# New looking to buy Left handed bow for son



## wiseguy1 (Dec 2, 2009)

I am trying to find a Left Handed bow for my 13 year old. He is just over 5 feet tall and has only used a recurve at boy scout camp. I don't want to get killed on price, but would like a used starter bow for him. Something like the Diamond Razor Edge that he can grow into. 

Thanks

Steve


----------



## NDbowhunter31 (Mar 28, 2009)

*Bow for sale.*

I have a Diamond Razor Edge for sale. It has 30-60 pound draw weight and 19-29 inch draw length. It comes with a Cobra 3 pin sight, hostage arrow rest, d- loop, NAP shockblocker 500 stabilizer, and peep sight. Ill sell it for 250 for the package. Has been used but still in very good condition.


----------



## Carpshooter (Dec 27, 2008)

*You come to the right place !*

:mg: I'll get the :welcome: wagon out for you !:nod:

I got a Mission Menace for my grandkids ,it covers alot of draw length and weigh ,check 'em out !:wink:


----------



## wiseguy1 (Dec 2, 2009)

*Wow..*

Lots of quick replies. Being new, I am still learning what is needed. 

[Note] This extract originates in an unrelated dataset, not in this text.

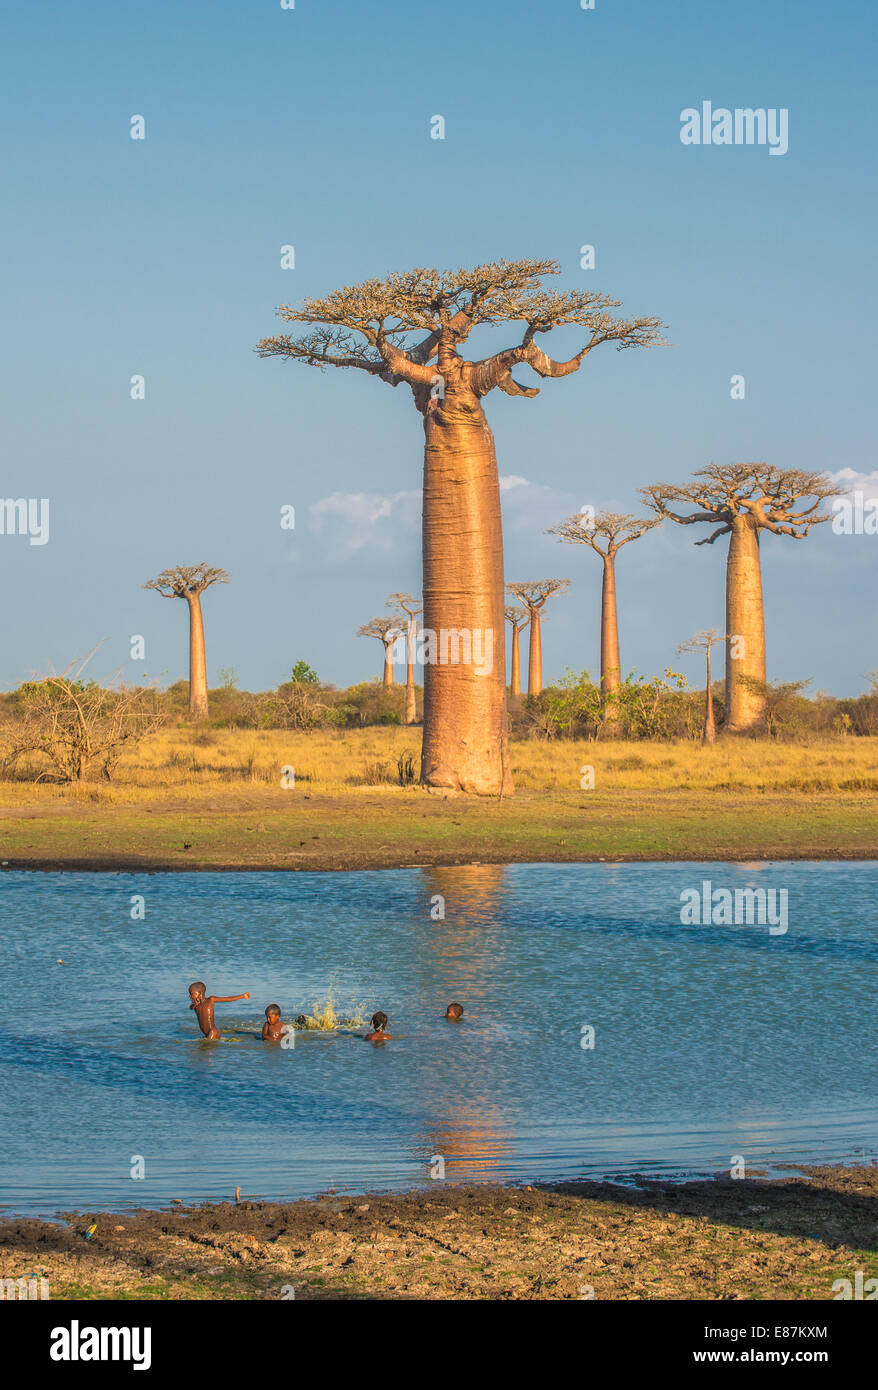 Viale dei baobab, Madagascar Foto Stock

There are a lot of accessories, and things to learn. 

I appreciate the input.


----------



## Tim Roberts (Jul 13, 2002)

:wav: :yo: *G'day.*







to *Archery Talk* Steve. Have fun here.  Check out the Classifieds and also post a WTB ad.


----------



## rycountryboy (Feb 21, 2008)

:welcome: to AT


----------



## BWiz (Dec 15, 2008)

:welcomesign: to AT!!


----------



## wicked1Joe (May 19, 2009)

:wav:Welcome to AT:wav:


----------